Secretário de Estado do Desporto lembra Eusébio enquanto a multidão aplaude o “Pantera Negra” na paragem final do cortejo fúnebre, na Praça do Município, em Lisboa.

Largas centenas de pessoas juntaram-se esta segunda-feira na Praça do Município, em Lisboa, para prestarem uma última homenagem a Eusébio, que morreu no domingo.

Entre a multidão, que aplaudia, gritava e tirava fotografias, esteve o secretário de Estado do Desporto, Emídio Guerreiro. “Acho que é sobretudo um momento de grande união de um país em torno de uma figura enorme, que durante décadas foi um dos maiores embaixadores de Portugal, e que irá continuar a ser nos próximos anos com toda a certeza”.

“Penso que os dias de ontem e hoje revelam bem o carinho enorme que todos os portugueses têm pelo Eusébio. Isso é que é o mais importante, temos de valorizar esta enorme união em torno desta figura consensual, este enorme símbolo da portugalidade”, disse à Renascença o secretário de Estado.

O cortejo fúnebre, que partiu do Estádio da Luz, chegou à Praça do Município pelas 15h00, onde era aguardado por centenas de pessoas de todas as idades, muitas com cachecóis do Benfica ao pescoço e peças de roupa vermelhas vestidas.

O cortejo foi recebido na Praça do Município com aplausos e vivas.

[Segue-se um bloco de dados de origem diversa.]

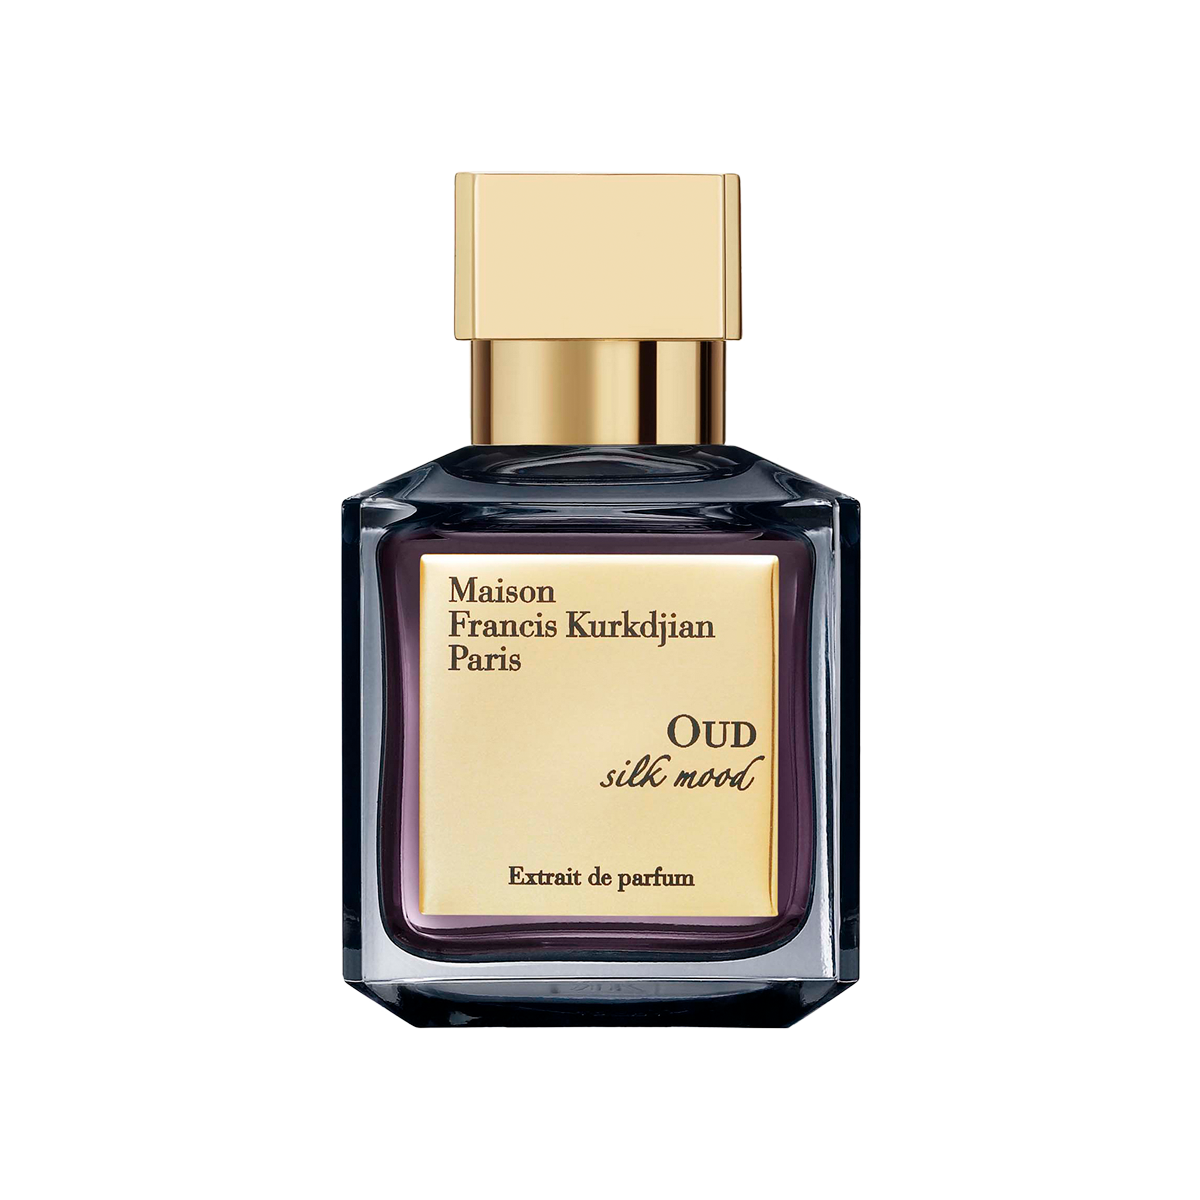 Maison Francis Kurkdjian - Oud Silk Mood Extrait de parfum

O presidente da Câmara de Lisboa, António Costa, e vários vereadores e autarcas estiveram também presentes para a derradeira salva de palmas ao “Rei”.

O trajecto entre o Estádio da Luz e a Praça do Município foi acompanhado por milhares de pessoas, que formaram um cordão humano praticamente ininterrupto, sobretudo quando o carro fúnebre saiu da Segunda Circular e entrou no Campo Grande.

A missa em homenagem ao “Pantera Negra” vai realizar-se às 16h00, na Igreja do Seminário no Largo da Luz, após o que o corpo segue para o cemitério do Lumiar, onde o funeral se realiza às 17h00.

Domingo, segunda e terça-feira são os três dias de luto nacional decretados pelo Governo português pela morte de Eusébio. Considerado um dos melhores futebolistas de sempre, o “Pantera Negra” morreu este domingo, aos 71 anos, vítima de insuficiência cardíaca.